Crowdfunding Real Estate Growing, But Remember to Research Before Investing: Experts
TORONTO – Across the bridge from Granville Island, British Columbia, sits a 45-apartment building atop a Subway restaurant and nail salon. While the Lex may look like its neighbors, its future investors are hardly the norm.
TORONTO – Across the bridge from Granville Island, British Columbia, sits a 45-apartment building atop a Subway restaurant and nail salon.
While the Lex may look like its neighbors, its future investors are hardly the norm.
More than 1,000 people are expected to pay as little as a loonie for an equity stake in the building through Addy – a Vancouver-based company offering crowdfunded real estate investments to help even less expensive Canadians. more cash-strapped to take advantage of the housing market.
Since 2018, Addy has offered investments in six properties and will soon add 16 more, but faces competition from North American rivals NexusCrowd, Fundrise and RealtyShares, which offer real estate opportunities based on crowdfunding.
Industry watchers predict more are on the way as house prices soar in Toronto and Vancouver, but say potential investors should do their research – even if it is a nominal amount.

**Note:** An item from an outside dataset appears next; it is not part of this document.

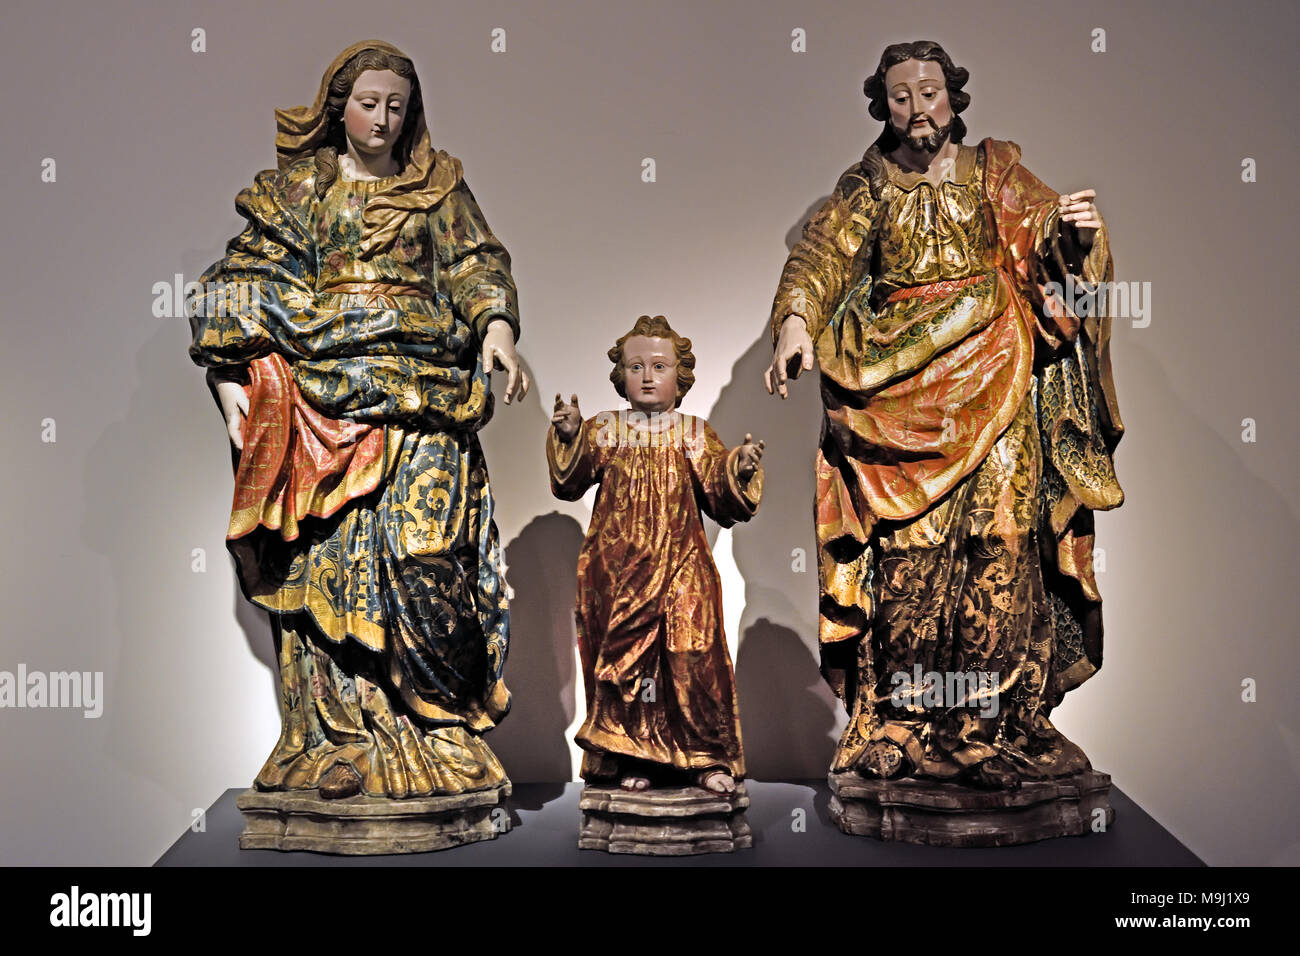 Sacra Famiglia del xviii secolo portoghese Portogallo Coimbra ( Convento de Santa Teresa - Convento di Santa Teresa ) Foto Stock

“Like any new product or concept that comes out, it requires due diligence on the part of any investor,” said Tina Tehranchian, senior wealth advisor at Assante Capital Management Ltd.
Like most crowdfunding real estate companies, Addy begins by identifying investment opportunities and subjects them to a due diligence process that includes a line-by-line review of financial statements and approval of an investment committee for s. ‘ensure that every property has a healthy economy.
Once the property is obtained, it divides the investment in equal increments of $ 1. For example, a $ 500,000 opportunity is divided into 500,000 units.
Once they have purchased a subscription for $ 25 per year or $ 500 for five years (which promises various benefits), investors are advised to put as little as $ 1 or as much as $ 1,500 into each building. Investments are blocked for periods which vary depending on the building.
There are no fees on transactions, acquisitions or withdrawals because the platform’s goal is accessibility, said Addy co-founder Stephen Jagger.
“There is no opportunity where we would ever win on a property and (investors) lose,” he said. “One of our core business values is win-win or no deal, so we’re completely aligned with our customer base.”
Addy was created after a developer approached co-founder Michael Stephenson about investing $ 1 million in real estate. Stephenson asked if he could make the investment with friends.
The developer agreed and the minimum contribution was set at $ 50,000, which disappointed someone looking to contribute $ 10,000.
“It kicked off that first conversation,” Jagger said. “Maybe there is a better way and maybe you can use technology to unlock real estate, remove barriers to entry, and allow everyone to participate, not just the rich.”
So they started Addy with properties in British Columbia, Ontario and Alberta and quickly attracted young investors who were priced off the market but eager to get into the real estate game. Some have invested in the buildings they live in, while others have looked for them in nearby or hot markets.
If you want to join them, start by reading the offering memorandum attached to a property, said Stephanie Douglas, partner at Harris Douglas Asset Management.
Addy’s includes information on how invested funds will flow through the business and other entities, costs associated with properties, short-term goals and expected returns.
Pay attention to who is listed as managing the investment, as projects will depend heavily on it, and look at the options you have if something goes wrong, Douglas said.
The Ontario Securities Commission does not offer specific advice on platforms like Addy, but said that crowdfunded investments “come with increased risks, including the possibility of losing the entire amount invested, a lack of details generally available in a prospectus and possible restrictions on resale. “
Canadians, he said in an email, should always check to see if anyone selling them an investment is registered with the Canadian Securities Administrators at checkbeforeyouinvest.ca.
Harris also suggested searching for terms as crowdfunding offers often prohibit investment withdrawals for a certain period.
“Make sure that, if you’re investing in something like this, it’s not cash that you need in the short term,” Douglas said.
Meanwhile, Tehran believes people should set realistic expectations and consider what might happen if the markets get colder.
“We’ve been in a bull market for the past two decades, but if we encounter a bearish cycle… it could mean that prices could go down for 10 years or more before they start to stabilize and recover, and you may have to hold onto the investment longer than you think, ”she said.
But that does not mean that the model is without advantages.
Its clients often put their money in properties or real estate investment funds, but a REIT can be “like a black box,” Tehranchian said.
Investors may not know which properties are owned by a REIT, but a crowdfunding model comes with transparency and tangibility.
“You can drive past the property and brag to your friends that you have a share in that property,” she said.
“It’s that pride of ownership that … you don’t get when you invest in a REIT.”